The comparable classification accuracy across the three geographic regions demonstrates that AOI embeddings effectively capture land use characteristics specific to each area. When compared with the three-class land use classification models, certain fine-grained classes in the 13-class scheme, such as retail and civic, achieve similar or even improved performance scores. However, some fine-grained classes, such as commercial, exhibit lower performance, indicating that classification accuracy is generally higher for the three-class models due to their broader categories.

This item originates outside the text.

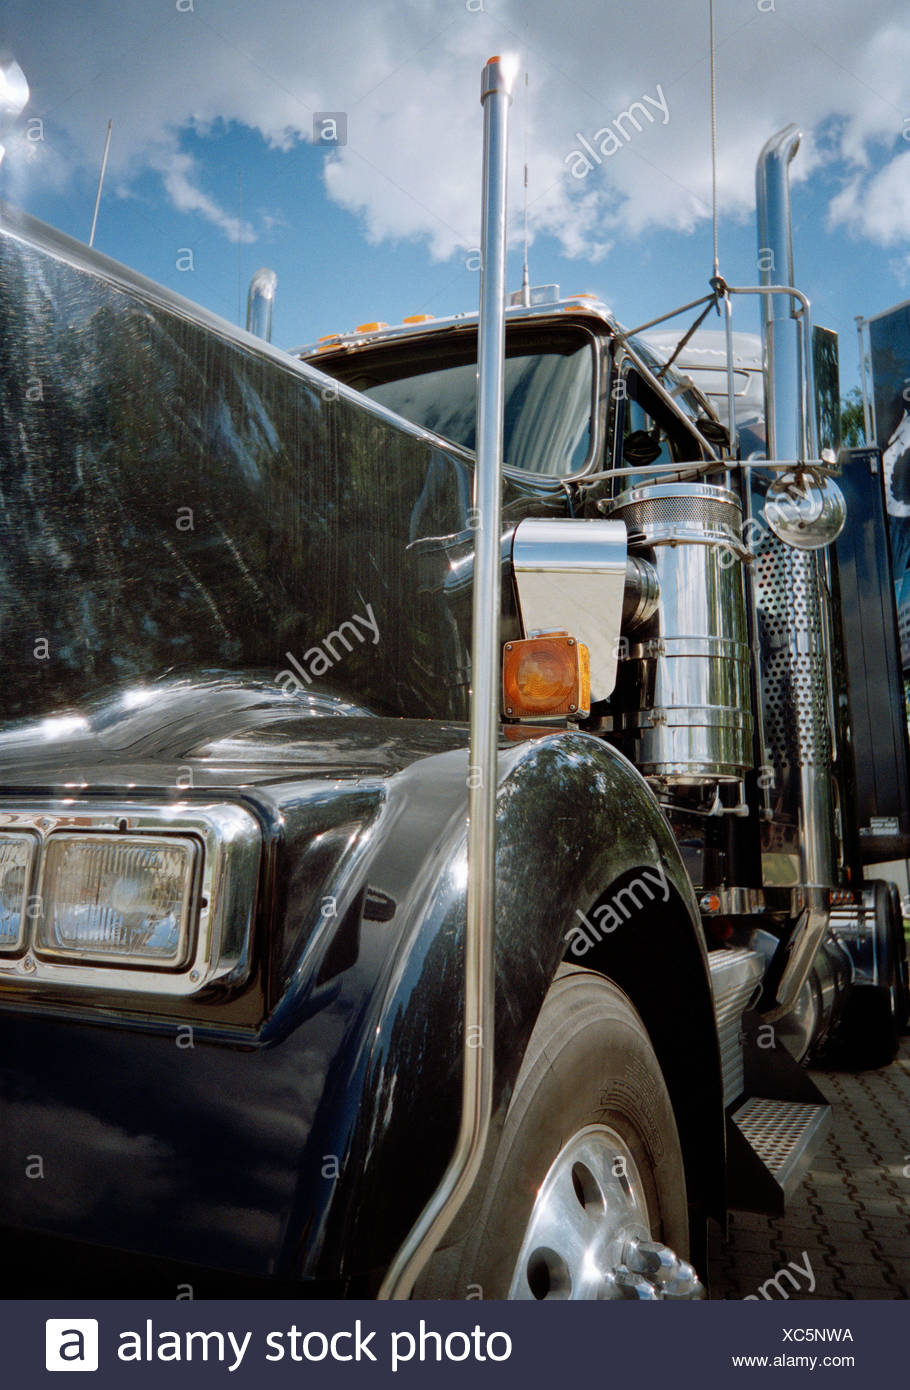 https www alamy com close up of semi truck image282868694 html

The distinct socio-economic and cultural contexts of each geographic region contribute to varying classification performance across land use classes. The insights provided by the confusion matrices reveal semantic similarities among different land use classes within each region, as well as the mixed nature of certain land use types. These insights can inform the design of tailored land use classification schemes that are optimized for specific geographic regions, ensuring that the classification model aligns with local land use patterns and context.


Land Use Modeling. Land use characteristics in a geographic region are closely associated with the socio-economic activities within it. Points of Interest (POIs), which play critical roles in daily activity patterns, serve as vital data sources for characterizing land use across diverse regions. With their open accessibility and broad availability, POI data provide an unparalleled opportunity to explore the effects of spatial scale, semantic granularity, and geographic context on POI-based land use modeling. To our knowledge, this invention is among the first to systematically examine these factors in large-scale POI-based land use modeling, offering significant value for policy makers, particularly in regions that require rapid decision-making or have limited official data. This work establishes a foundation for scalable, multi-dimensional POI-based land use modeling, benefitting social scientists such as geographers and economists.

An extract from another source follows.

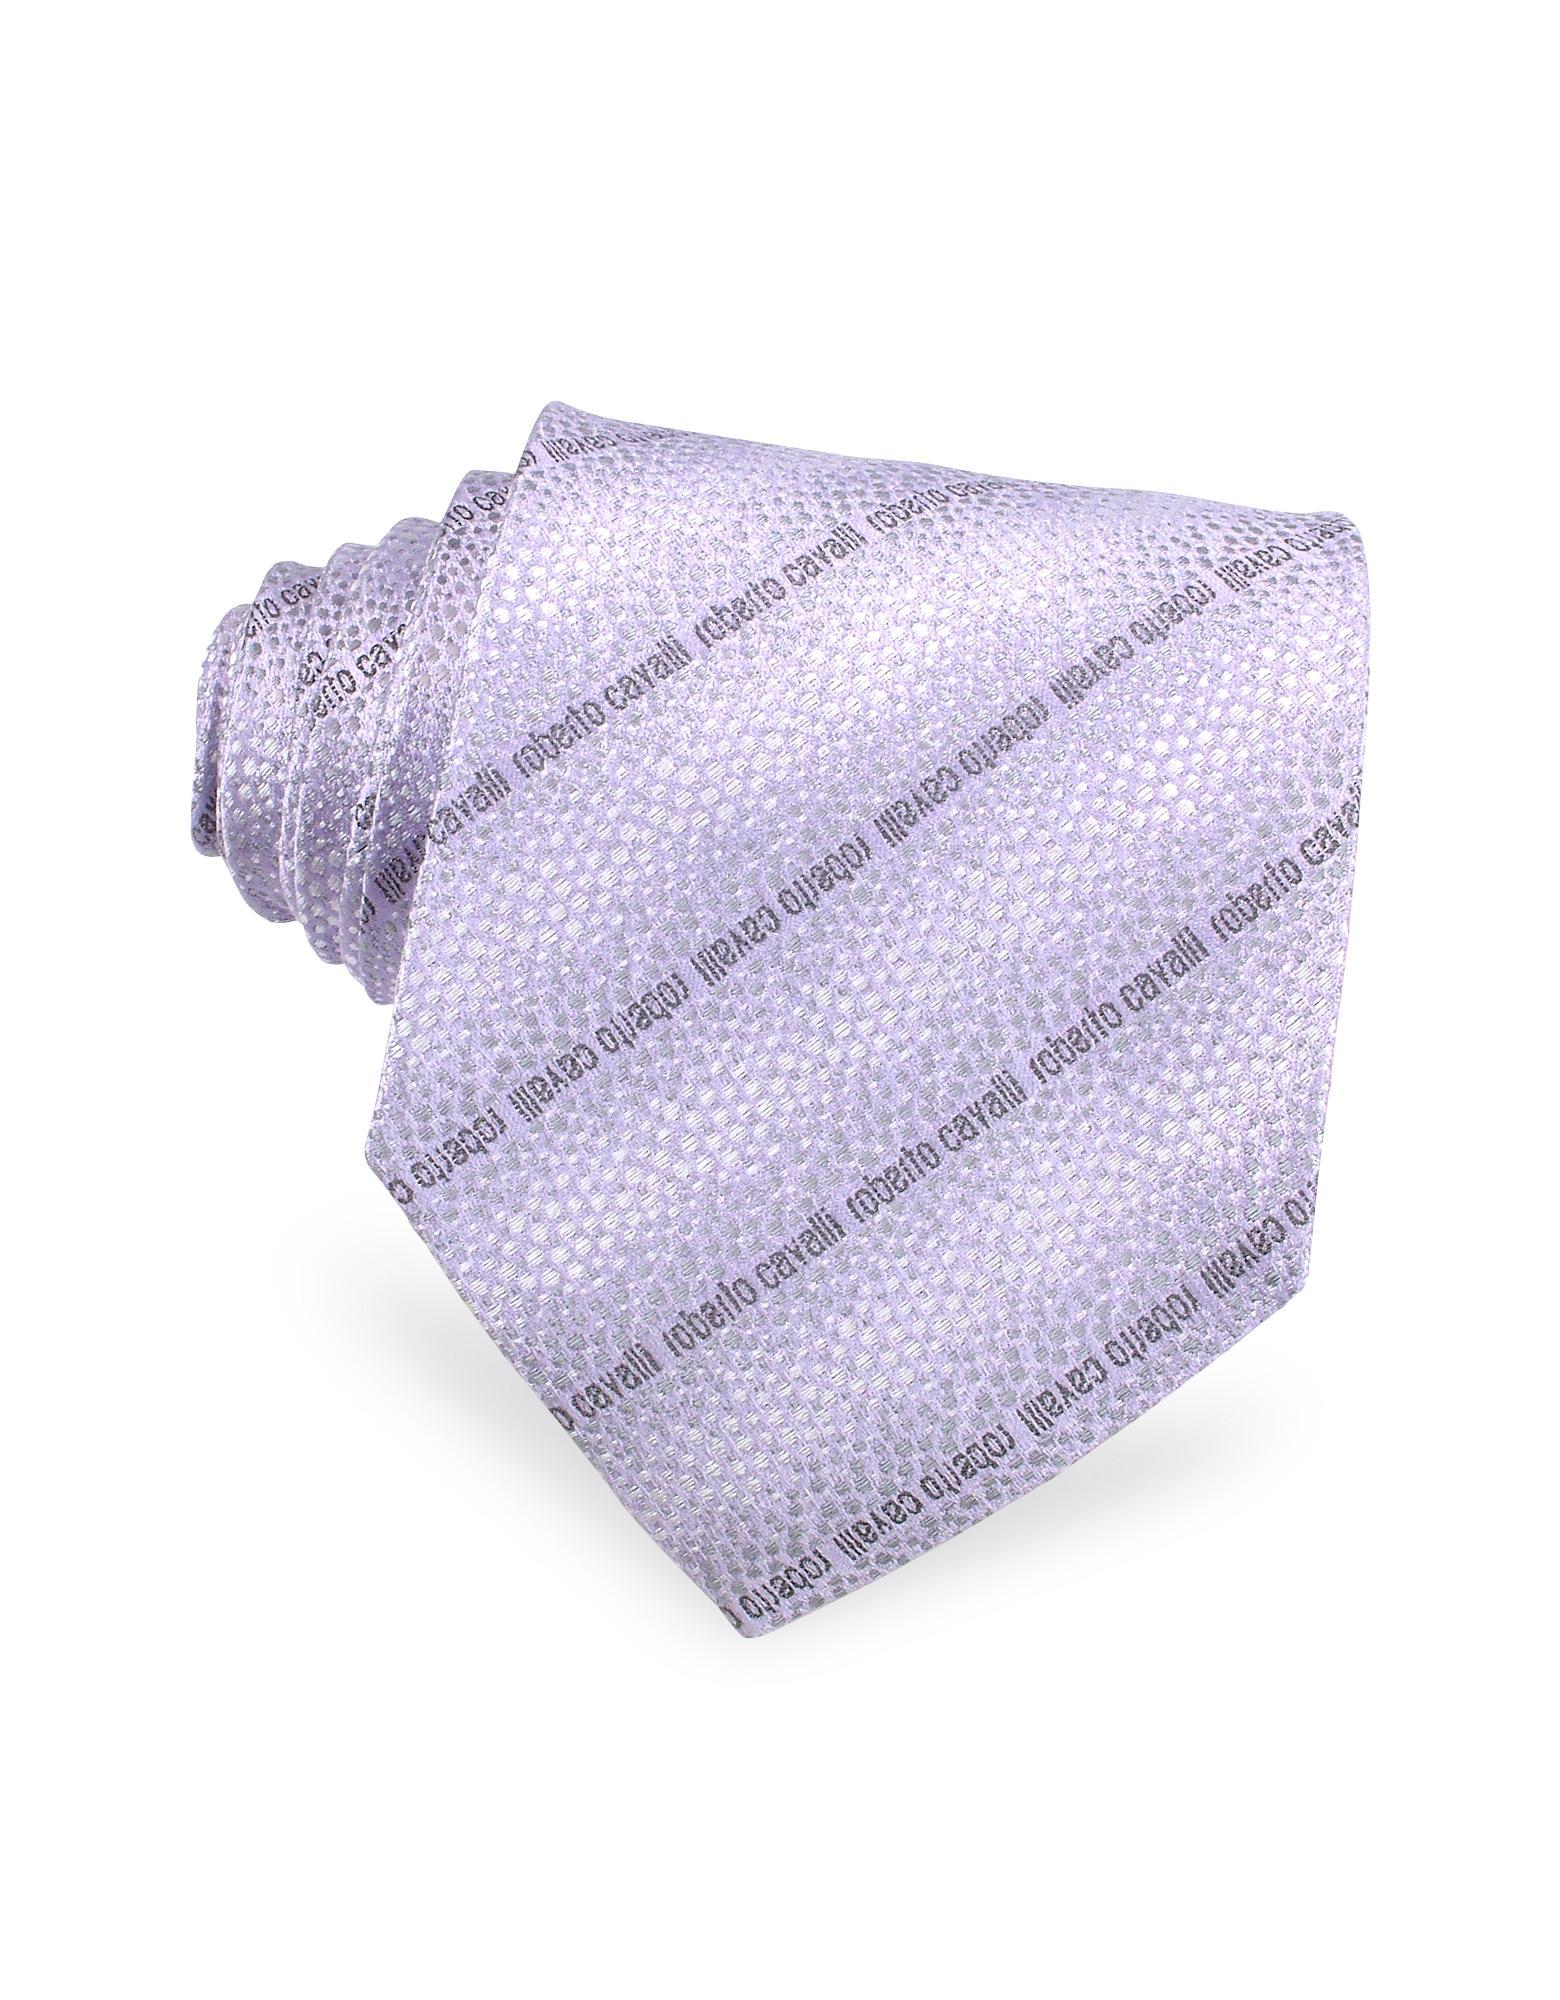 Roberto Cavalli  Signature Lines Woven Silk Tie

This invention introduces an OSM-tag-based representation that enriches the semantic descriptions of both POIs and non-POI geographic features. The flexibility of OSM tags simplifies data fusion and augments the semantics of geographic features, optimizing the effectiveness of the neural network language modeling process. The developed AOI representation learning framework, combined with a versatile semantic representation of geographic features, facilitates easy extension of the framework to incorporate additional features in the learning process, thus enhancing the accuracy of land use characterization. By integrating road network hierarchy into POI embedding training, the invention captures both geographic structure and POI context, with embedding results that demonstrate the encoding of geographic and semantic information within a high-dimensional semantic space.


The invention's approach, which compares supervised land use classification models trained on varying spatial scales and semantic granularities, shows that original boundaries delineated by volunteer contributions retain a higher degree of semantic coherence than aggregated boundaries. Additionally, combining POIs with non-POI geographic features yields a more comprehensive characterization of AOI land use, strengthening the embedding's representation of local land use.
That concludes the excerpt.